Монастырь был в провинции Микава, неподалеку от Окадзаки.
- Какое у тебя было детское имя?
- Тикусэн.
Иэясу махнул сложенным веером.
- Проводите его обратно. Пусть работает. Ни в чем не препятствовать, если понадобятся какие-либо лекарства, или еще в этом роде – всё предоставить. Раненых, которыми он занимается, не трогать, и найдите, где их разместить. Кто поправится, пускай отправляются по домам.
- Вот за лекарства – спасибо, - искренне сказал монах.
Он поднялся и пошел к выходу из Ставки, даже не поклонившись. И вдруг – пошатнулся, схватившись окровавленной рукой за белое полотно… тяжко осел и повалился на землю.
Иэясу подался вперед. Не только он – многим, похоже, подумалось: а вдруг кровь на лекаре не только чужая? Но нет. Монах – просто спал.
Иэясу вздохнул с облегчением. Слишком шумно для главнокомандующего, полководца, только что одержавшего грандиозную победу – ему ли шумно вздыхать из-за какого-то дурно воспитанного лекаря из вражеского стана.
- Отнесите его, пусть отдохнет спокойно. И пусть кто-нибудь посмотрит пока, что там с его ранеными. Не знаю, сколько их там, но, судя по всему, больше, чем один человек способен вытянуть.
- И, между прочим, дерьмо гнедой лошади меня еще ни разу не подводило! - проворчал вслед Ии Наомаса.
- Ну, если существует снадобье лучше, то я хочу его знать, - возразил Иэясу. – Посмотрим, что там за новый метод.

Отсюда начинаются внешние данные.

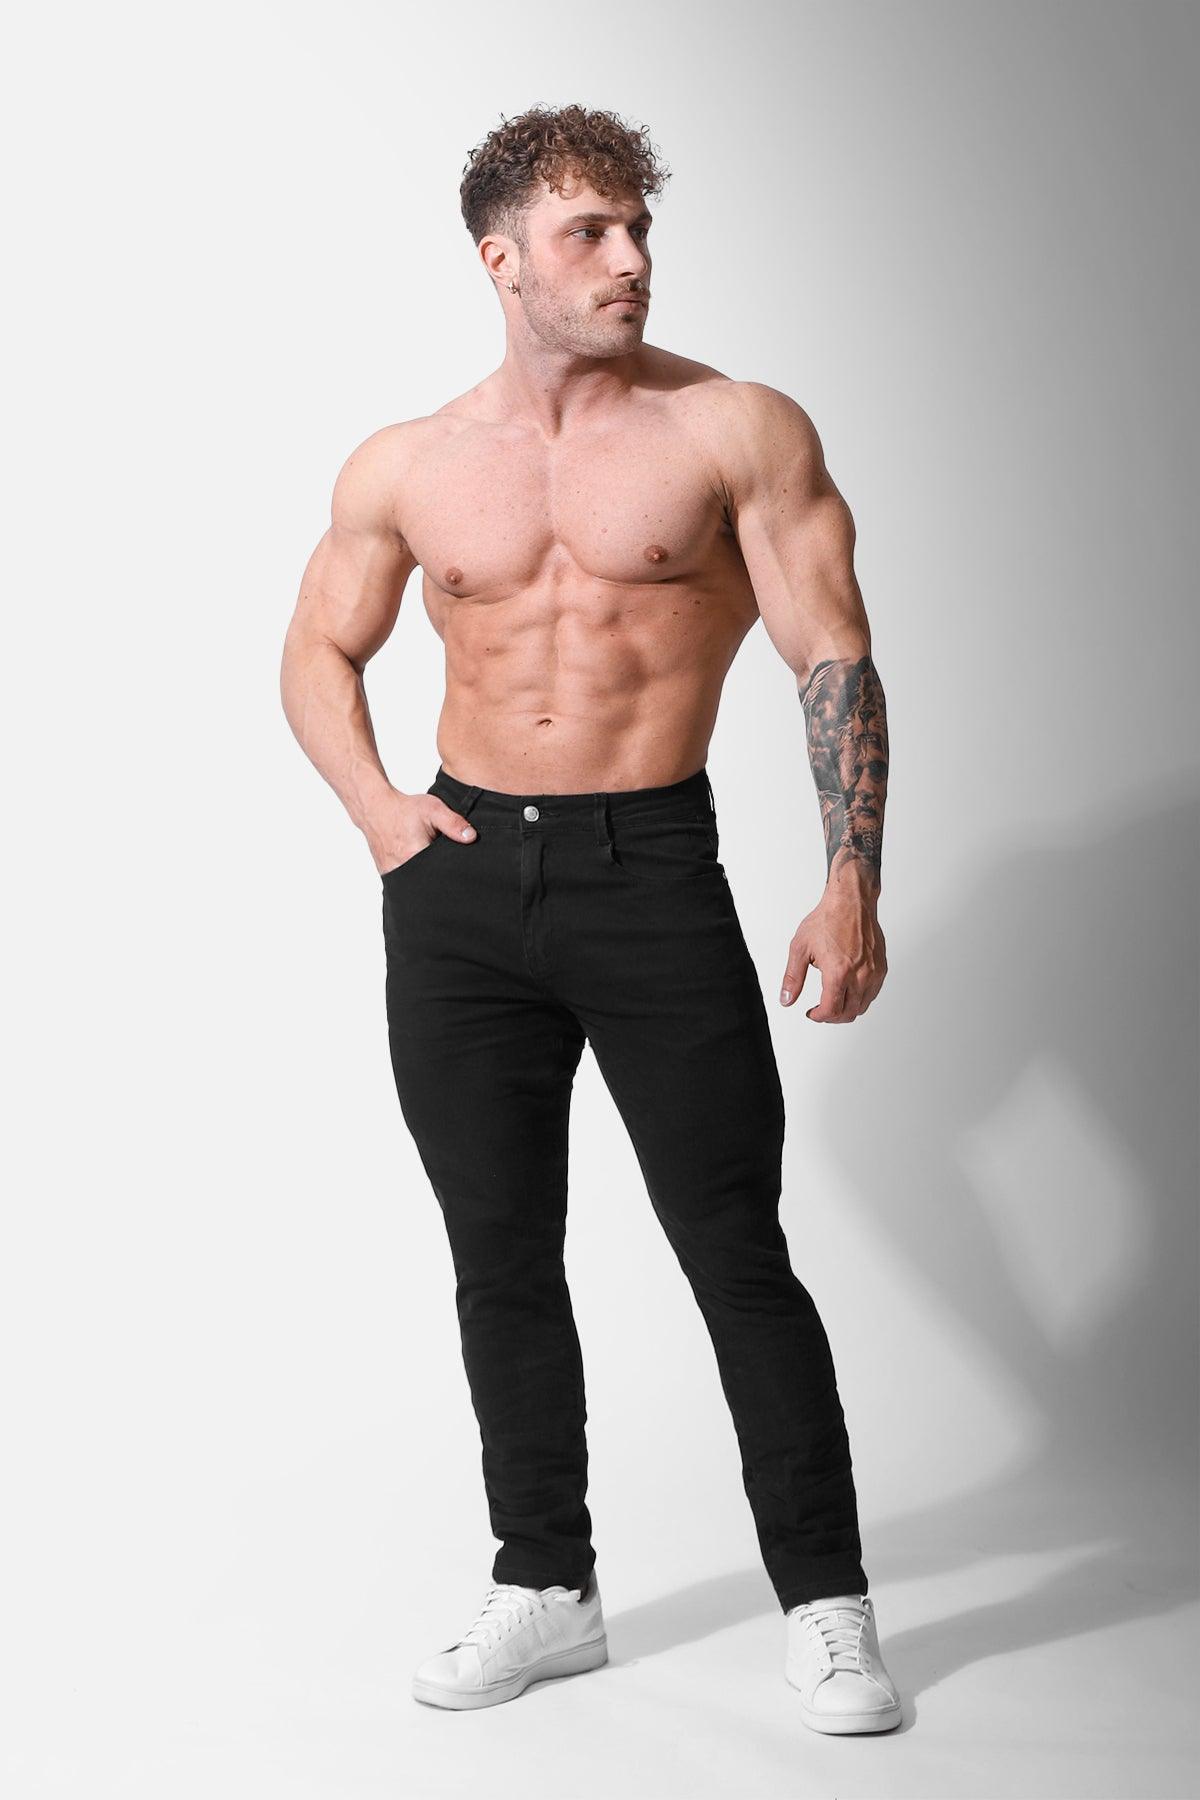 Men's Fitted Stretchy Pants - Black - Jed North Canada

- Но ястреб! – покачал головой Наомаса. Монах был дурной, за наглость стоило зарубить бы, но не отдать дань уважения смелости «красный дьявол» не мог. – Без когтей, уж не знаю, кто ему так отстриг – но ястреб! Знаете, господин, если б это была одна из историй из сборников – там в конце непременно бы было, что навели справки насчет родства - и оказалось, что лекарь из самурайского рода.

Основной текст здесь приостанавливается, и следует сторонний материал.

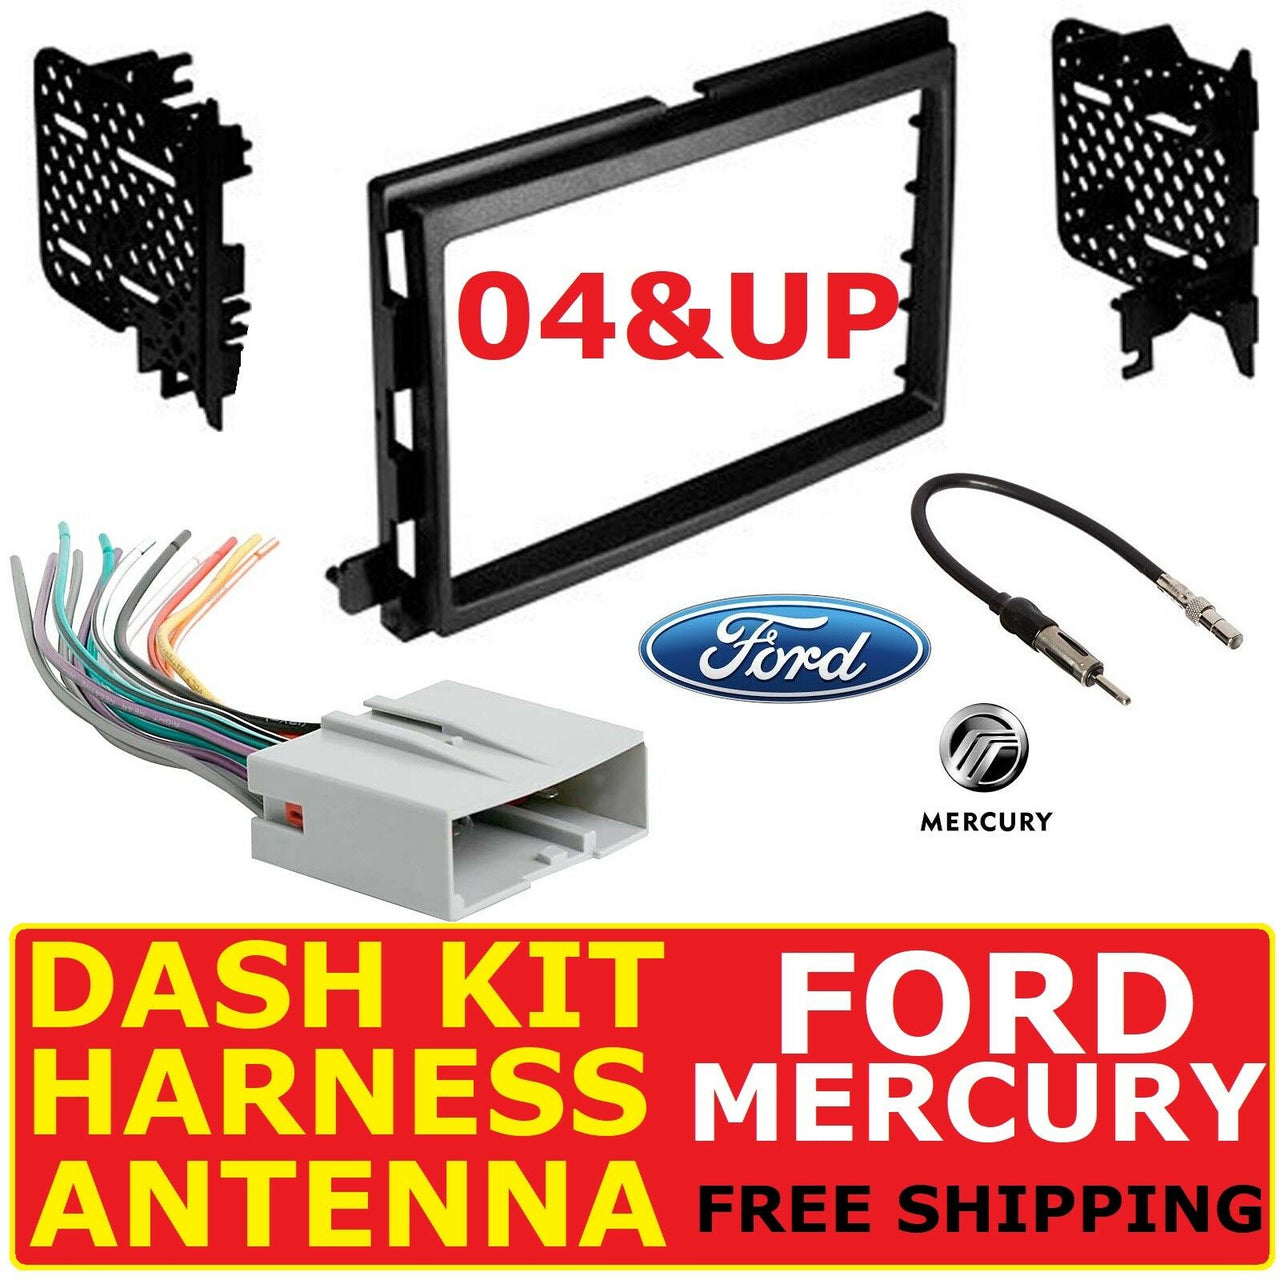 American International FMK552 Car Radio Stereo Double Din Dash Kit Harness Antenna Adapter for 1995-2011 Ford Lincoln Mazda Mercury

- Он и есть из самурайского рода, - кивнул Иэясу.
Наомаса вытаращился на него с изумлением:
- Господин, вы его знаете?
- Первый раз вижу. Хотя нет, вообще-то второй. – Иэясу вспомнилось, как он рассматривал двух совершенно одинаковых близнецов, думая, кто из них лишний. В итоге оставил того, который родился первым. – Но будь уверен – самурайского рода, и очень высокого. Ни больше ни меньше, как в родстве с сёгунами.
- Прежними?
- Прежними, Минамото, - с удовольствием подтвердил Иэясу. Глядя на своего бывшего косё, нынешнего генерала и свата, усмехнулся в усы. – И если я не упущу плоды сегодняшней победы – еще и с будущими.
Примечания:
Как это ни мелодраматично, но, в отличие от многих других подобных историй, например, с Василием Третьим, потерянный сын Токугавы Иэясу действительно существовал. В 1574 году служанка Оман родила ему двоих близнецов. Поскольку это считалось стыдом и дурной приметой, одного из детей Иэясу отдал на воспитание в монастырь, и больше о нем ничего не известно.
По поводу исторической достоверности – претензии не принимаются, сразу заявляю, что задействованные кланы выбраны практически от балды.